◆ What you should do ◆
Repeat what the lines below say, word for word, and skip every image.
Segment Start: Data block
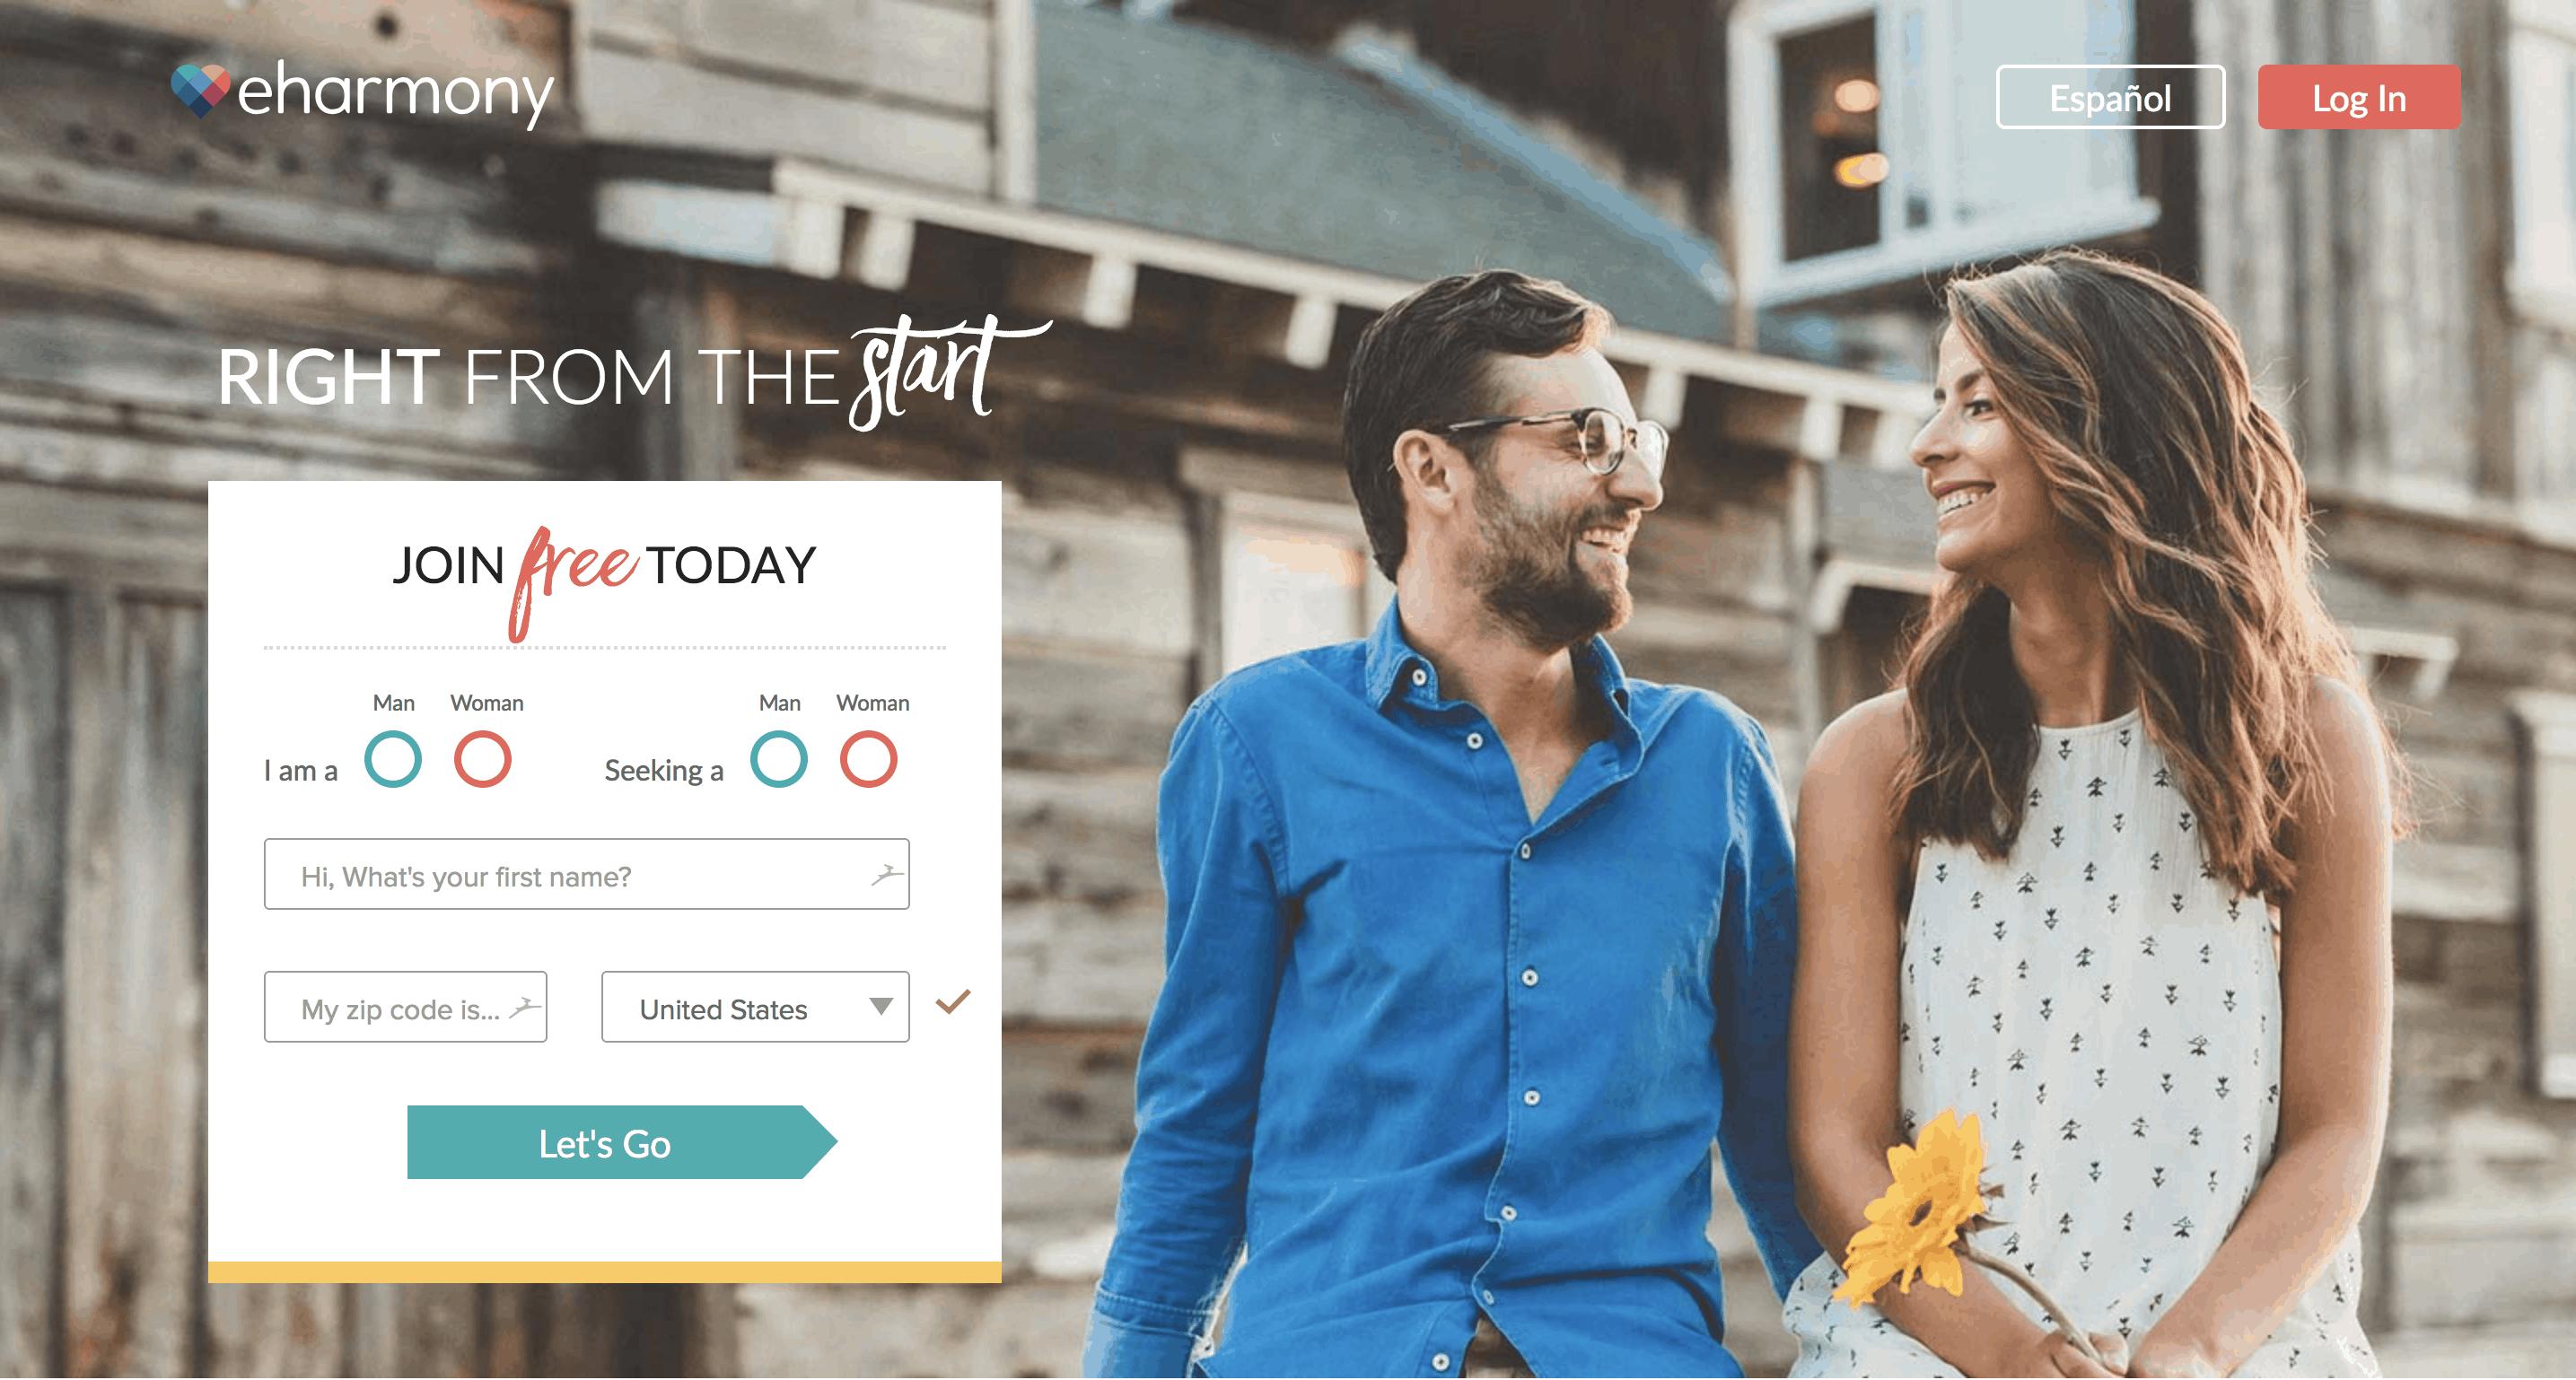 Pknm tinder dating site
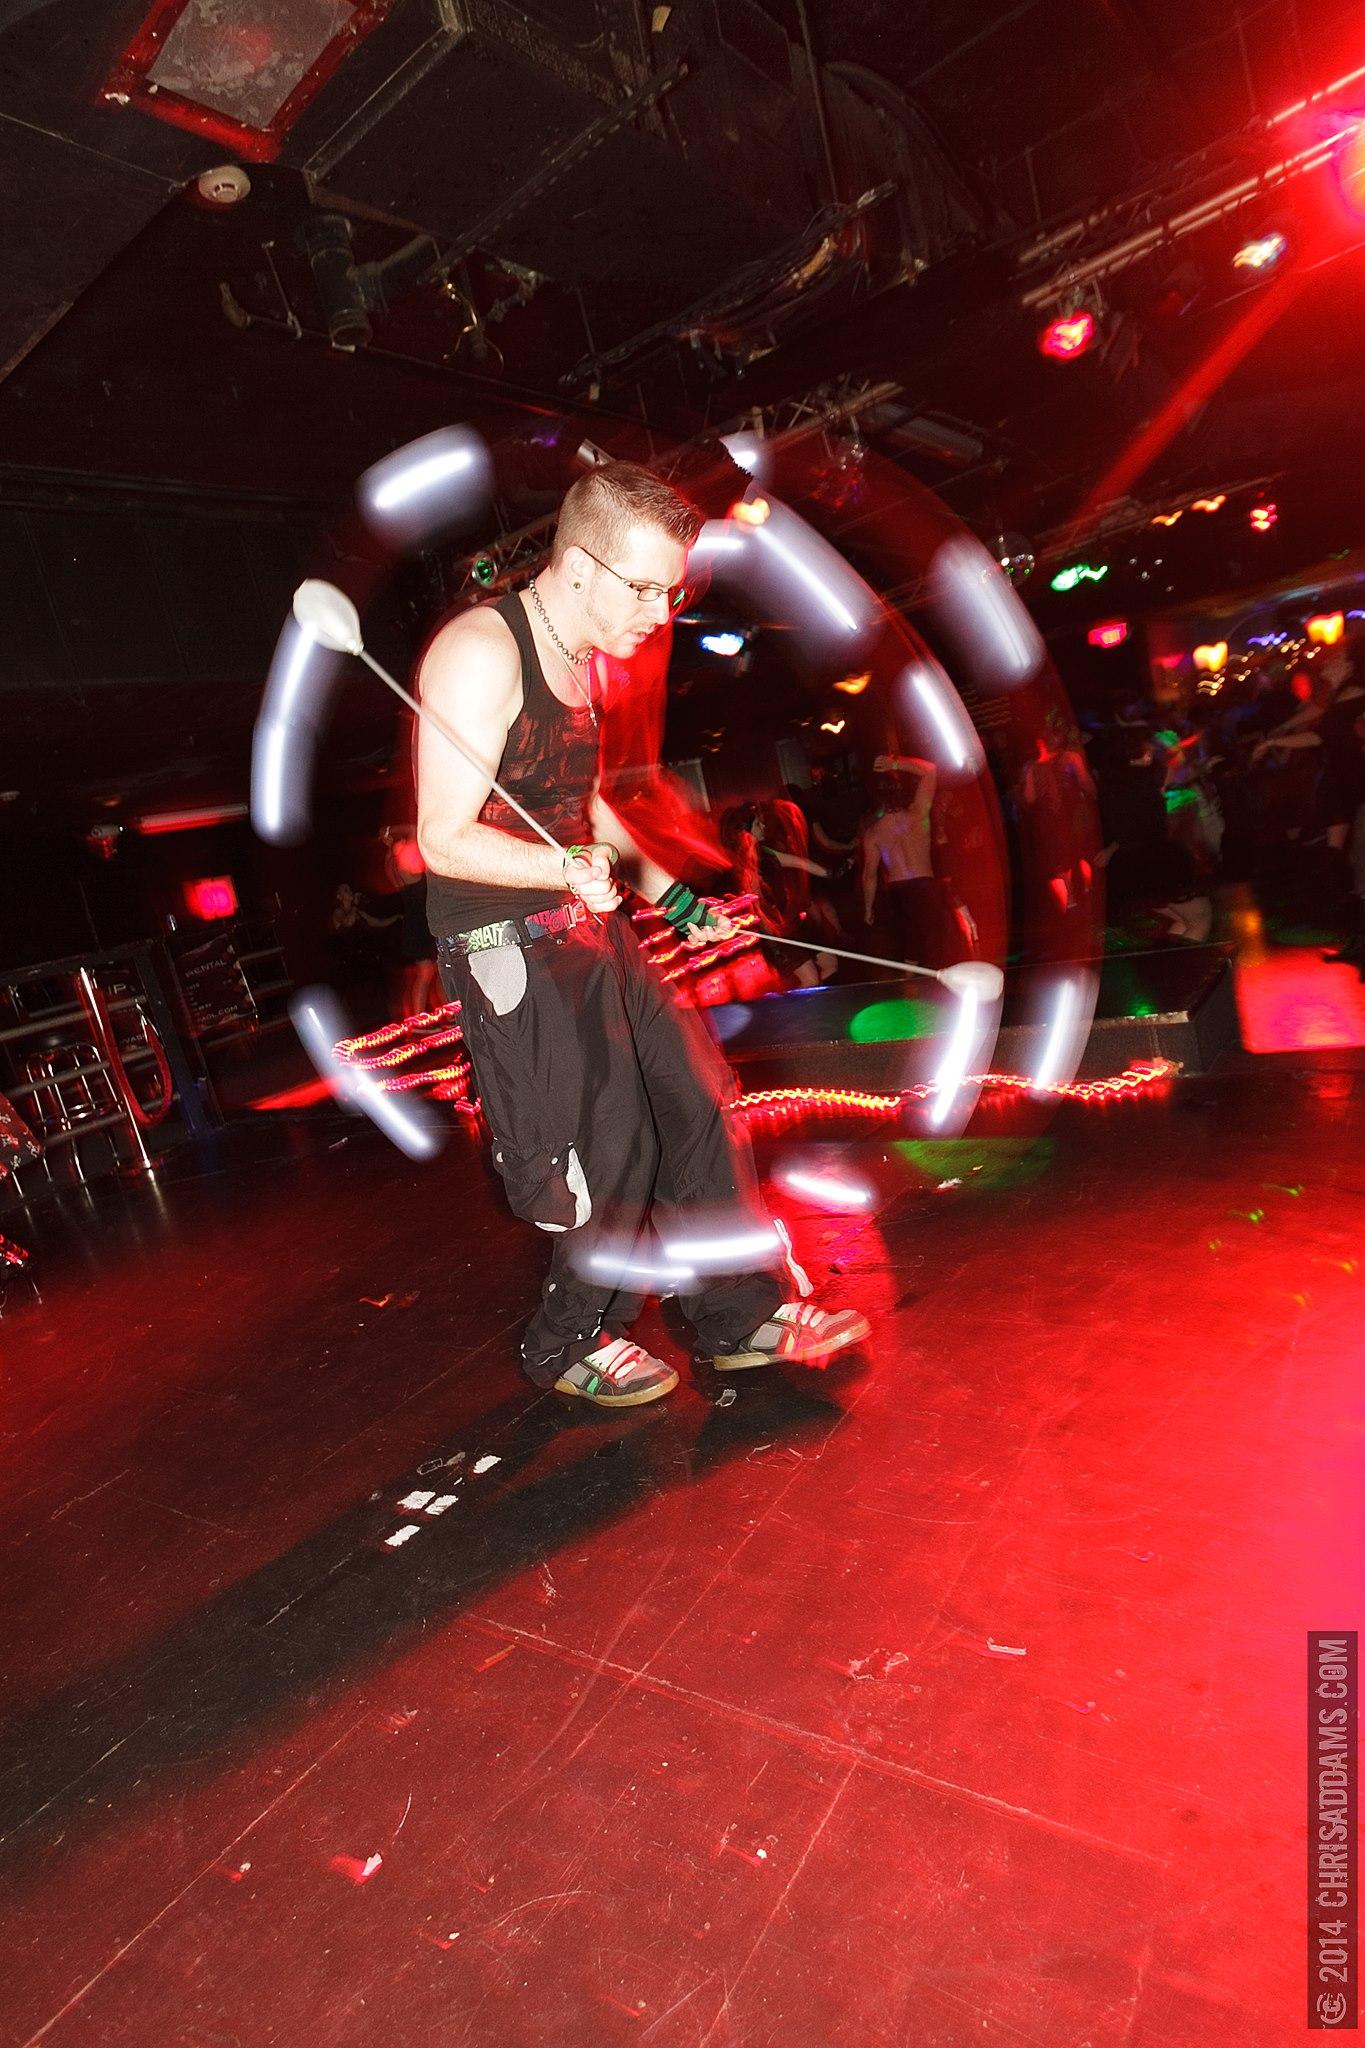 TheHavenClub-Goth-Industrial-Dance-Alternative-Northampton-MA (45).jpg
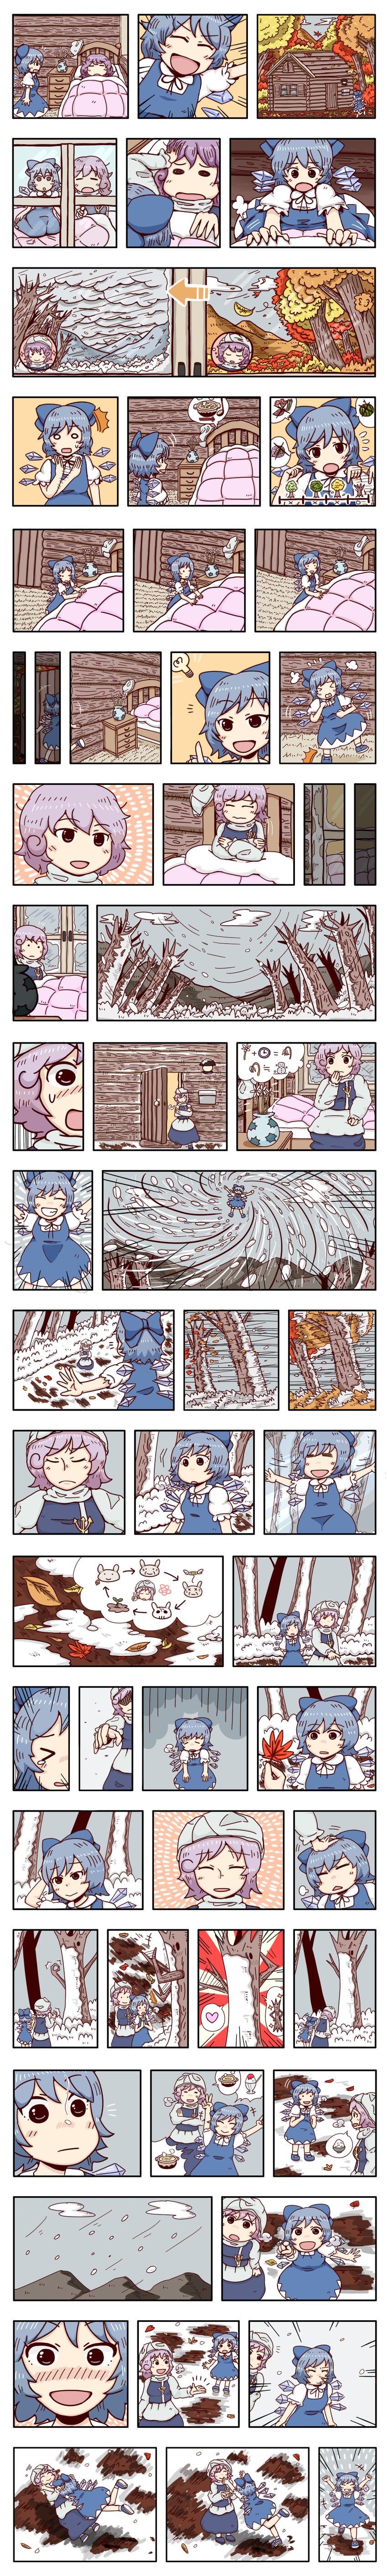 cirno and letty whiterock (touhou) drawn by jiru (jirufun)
Segment End: Data block
◆ Worked solution ◆
 Pknm tinder dating site
 TheHavenClub-Goth-Industrial-Dance-Alternative-Northampton-MA (45).jpg
 cirno and letty whiterock (touhou) drawn by jiru (jirufun)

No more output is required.